Ambien, Lunesta, and Sonata Receive FDA Black Box Warnings About Potentially Fatal Side Effects
The FDA’s decision was motivated by its recent review of 66 case reports about strange behaviors linked to these drugs. Accidental overdoses, falls, burns, near-drowning, extreme temperature exposures leading to loss of limb, self-inflicted gunshot wounds and suicide attempts were among the 46 non-fatal injuries; 20 deaths occurred due to carbon monoxide poisoning, drowning, falls, hypothermia, car crashes and suicide.There have also been anecdotal reports of people killing others while under the influence of these drugs (specifically Ambien).
These incidents can occur after the first dose of these sleep medicines or after a longer period of treatment, and can occur in patients without any history of these behaviors and even at the lowest recommended doses. Patients usually did not remember these behaviors, and they can occur after taking these medicines with or without alcohol or other central nervous system depressants that may be sedating such as tranquilizers, opioids, and anti-anxiety medicines.

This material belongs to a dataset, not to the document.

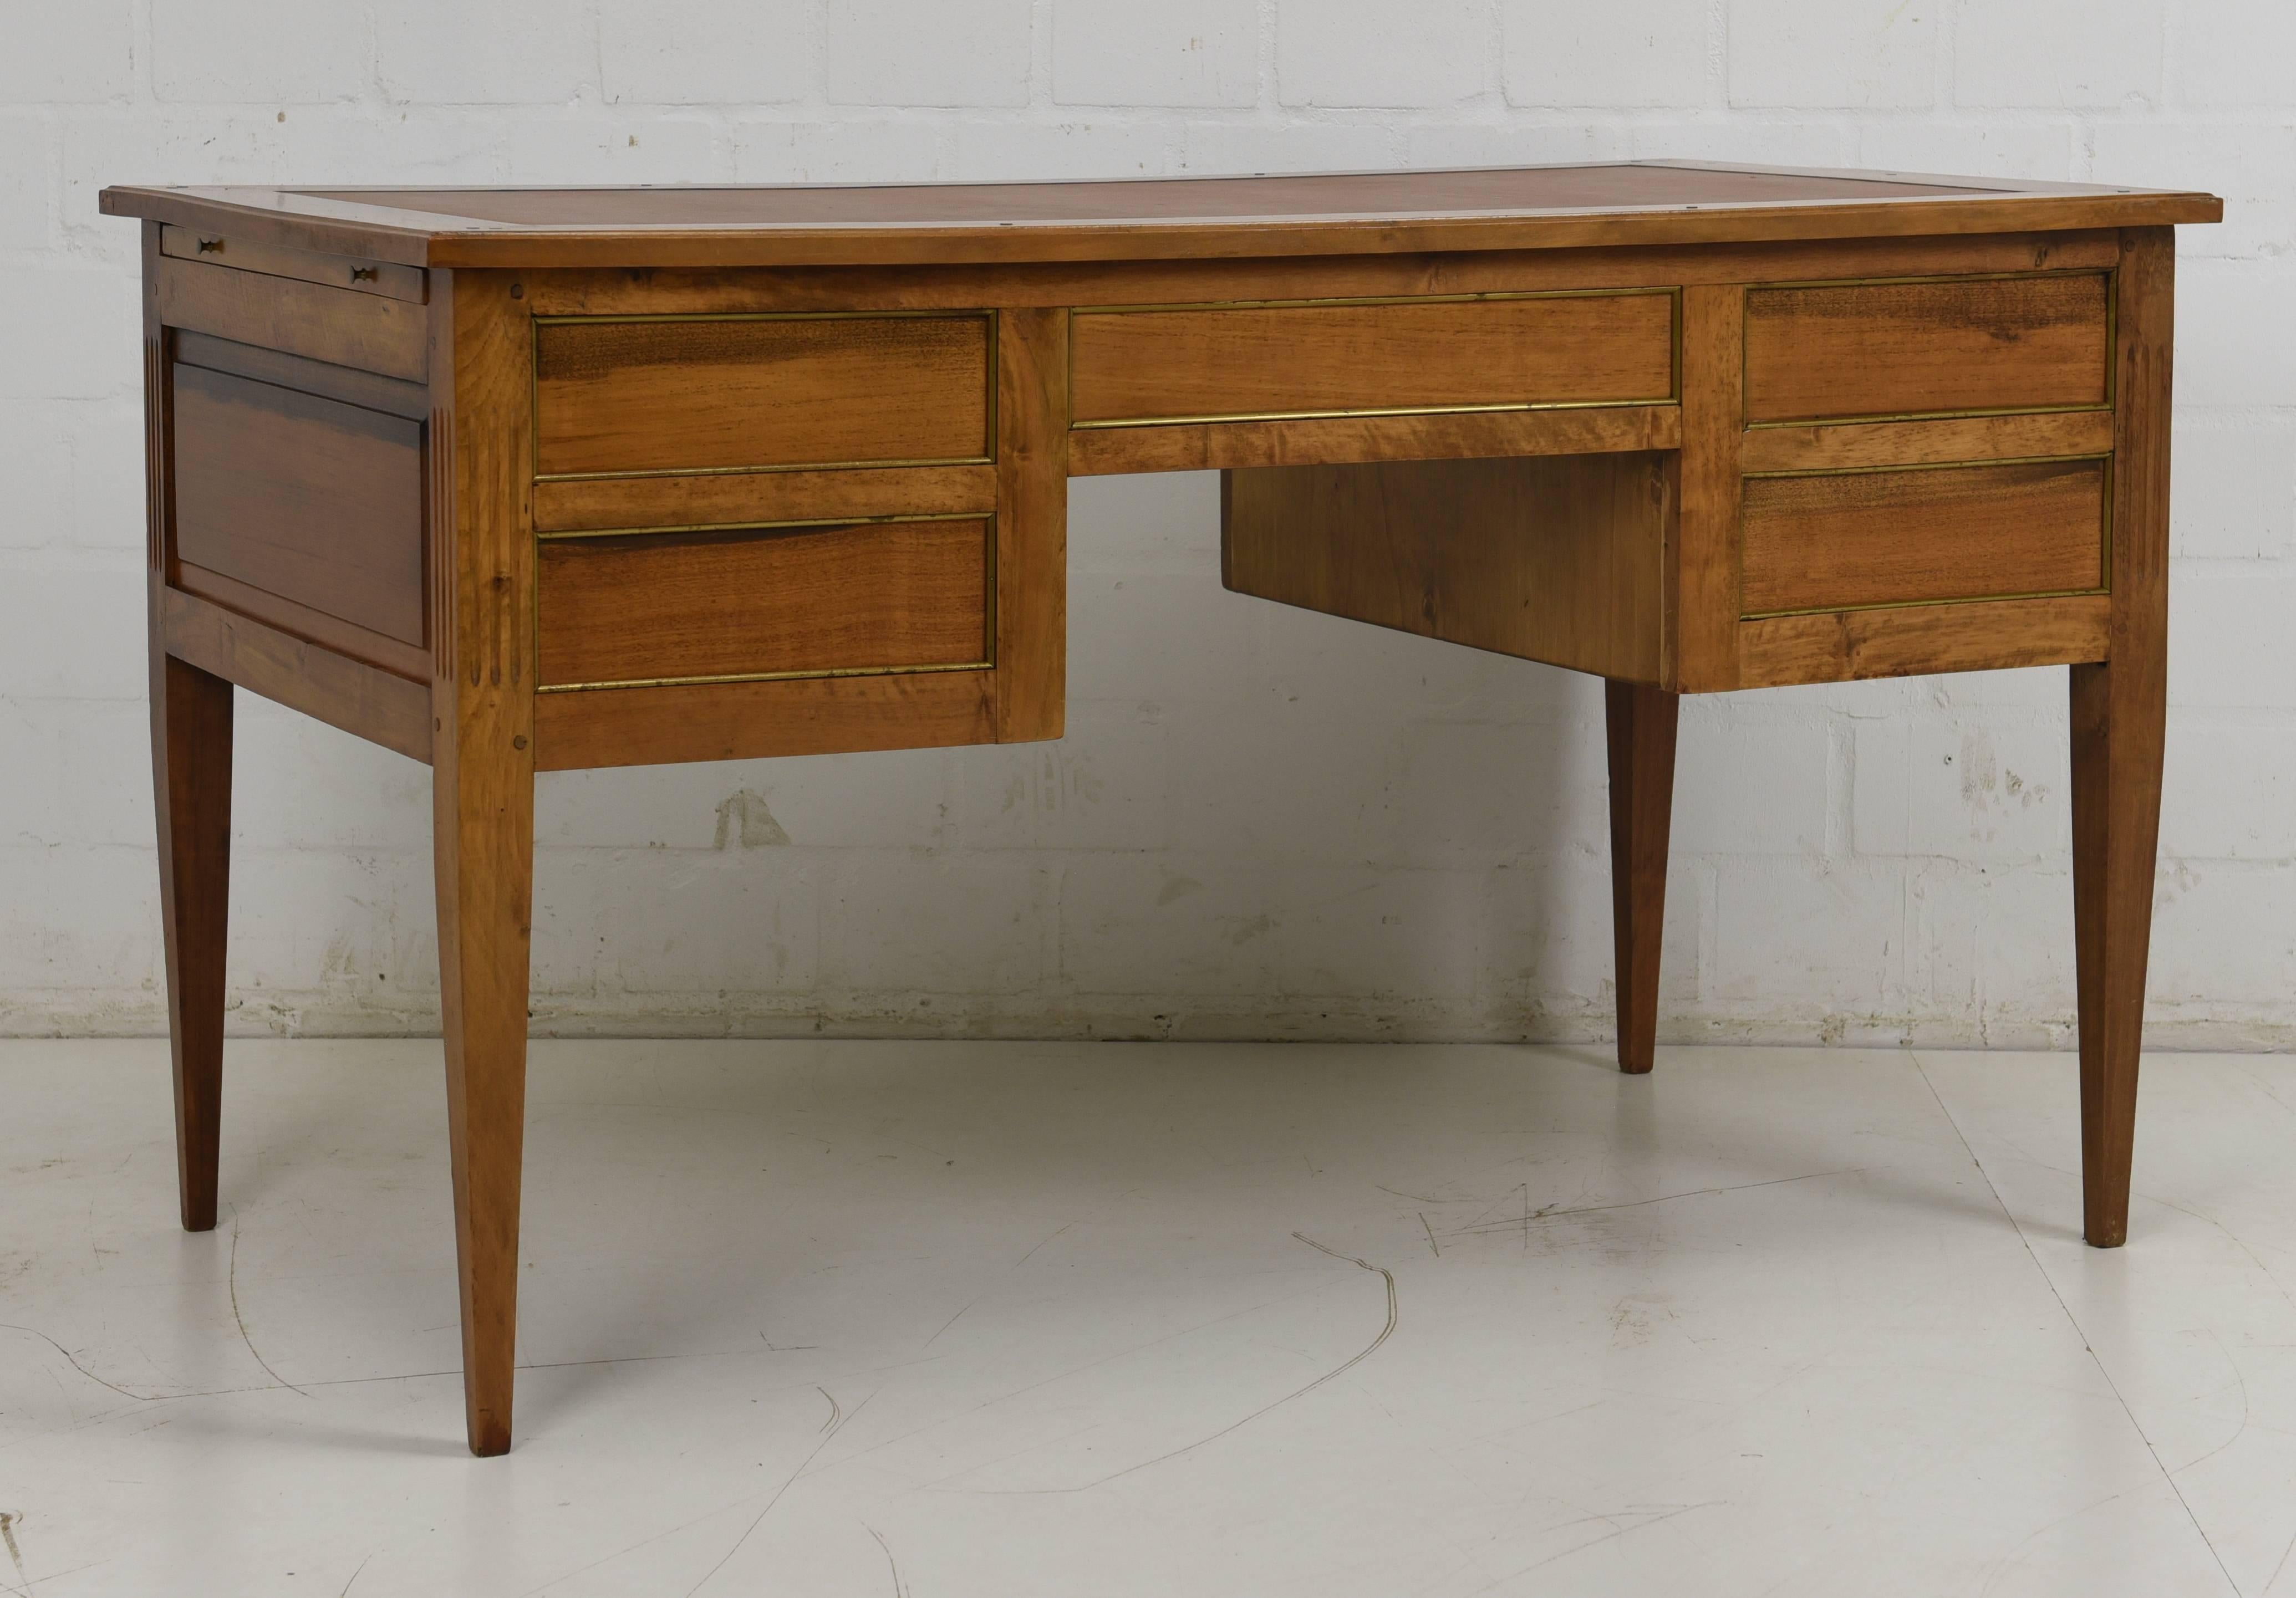 Early 20th Century 1920s Desk from the Art Nouveau Period

These 66 case reports only include reports submitted to FDA or those found in the medical literature. However, the majority of patients may never disclose these behaviors to their doctors or the FDA(in part because they do not remember the behaviors). And in the few cases in which patients do report these behaviors to their doctors, few doctors report the cases to the FDA or publish them in the medical literature. Therefore, the actual number of cases involving these potentially deadly behaviors is very likely to be dramatically more than 66 cases. The FDA is also reminding the public that all medicines taken for insomnia can impair driving and activities that require alertness the morning after use.